Brighton and Hove Council aims to scrap Right to Buy

Reports that housing bosses in Brighton plan to become the first in England to scrap the policy that allows council tenants to buy their own homes feature in today's newspaper round-up.

The Daily Telegraph reports that "Brighton and Hove council will ask the government for permission to end Right to Buy because it puts publicly owned homes into the hands of private landlords". "Members voted through a Green motion to apply for the exemption, which would be the first of its kind granted to a local authority," according to the newspaper.

The Daily Telegraph also reports that "house prices in some parts of Britain dropped by more than £30,000 between November and December". The newspaper cites Rightmove figures showing that the average price of a property coming to market in England and Wales "fell by £8,703 – or 3.3 per cent – to £258,424 in the four weeks to 7 December", adding that "while experts said it was normal for prices to fall during the quieter winter months, the decline could also reflect price reductions by wealthy vendors after the chancellor introduced new stamp duty rates in the Autumn Statement".

The Independent reports that Peterborough has been "named and shamed today as the worst place in Britain to be without a car", coming at the bottom of the Campaign for Better Transport’s 2014 Car Dependency Scorecard, "which examines provision for pedestrians, cyclists and public-transport users in 29 towns and cities". "The best three are big cities London, Manchester and Liverpool.

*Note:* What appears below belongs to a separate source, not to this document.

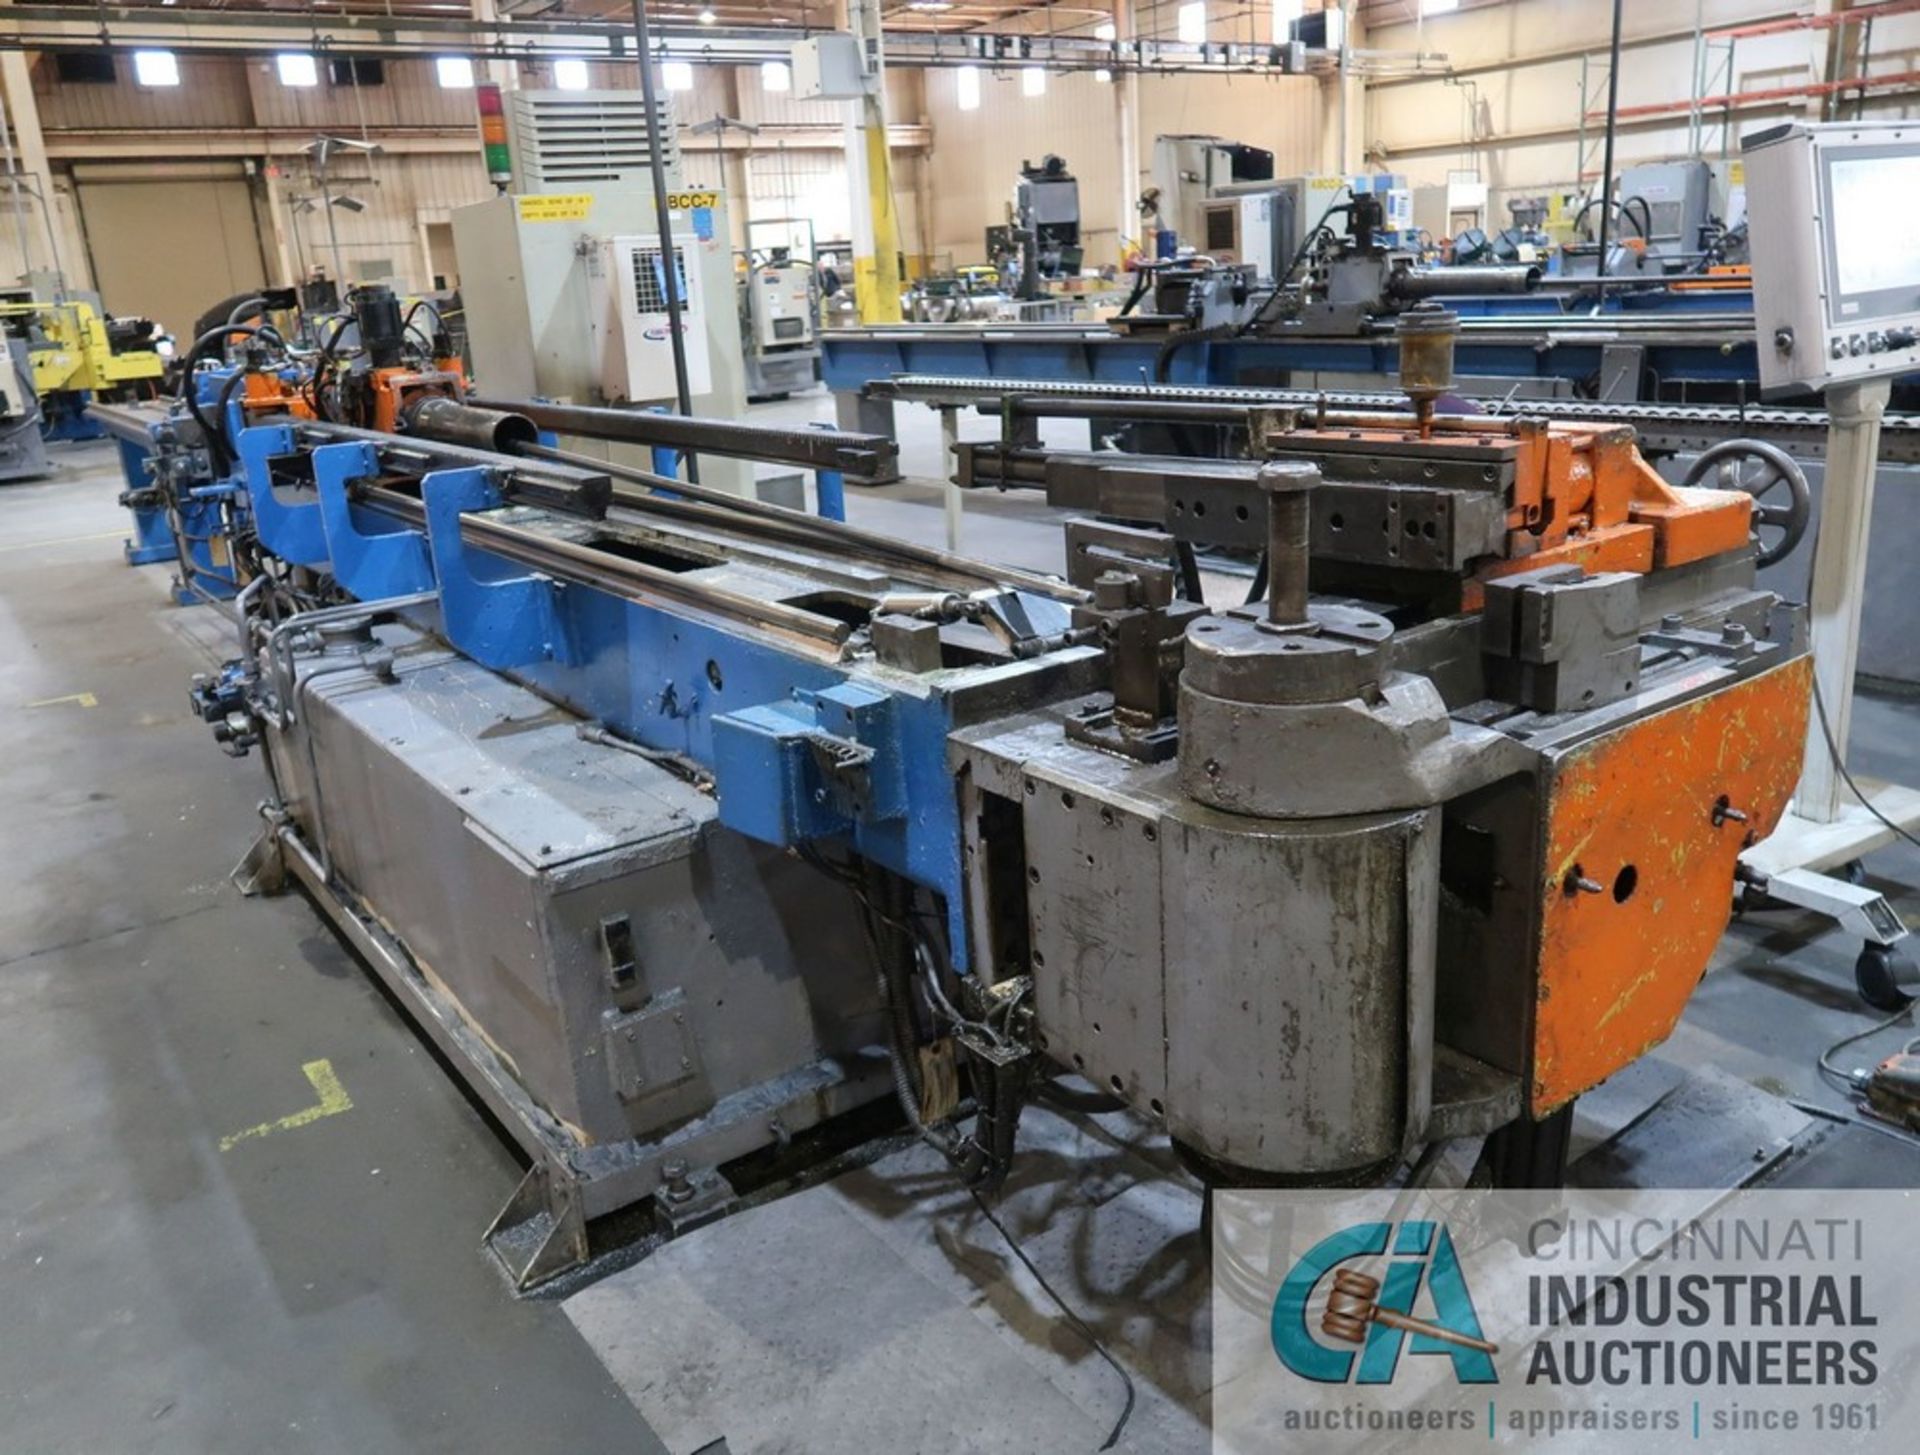 3" ADDISON MODEL DB76-TB TRAVELING BOOST CNC HYDRAULIC TUBE BENDER; S/N 10035, ASSET NO. ABCC-7, - Image 2 of 17

But in a damning verdict on 20th-century town planners, the worst are two communities which expanded quickly during the 1960s and 1970s [Peterborough and Colchester], plus Milton Keynes."

The Times (subscription required) reports on the South-to-North Water Diversion Project in China, a "scheme involving canals, pipelines and aqueducts" that has begun transporting water 870 miles to Beijing. The project "has taken 11 years to complete, cost tens of billions of dollars and displaced hundreds of thousands of people from homes and farms along its route".

The Daily Telegraph runs an article arguing that the government’s housebuilding plans "ought to be inspired by the harmonious style of the great Victorian urbanisation". "Once again we are faced with the question how to build," writes Roger Scruton. "We need a procedure that will reconcile our population to new start-up homes in places where there might have been no development. And we should learn from experience."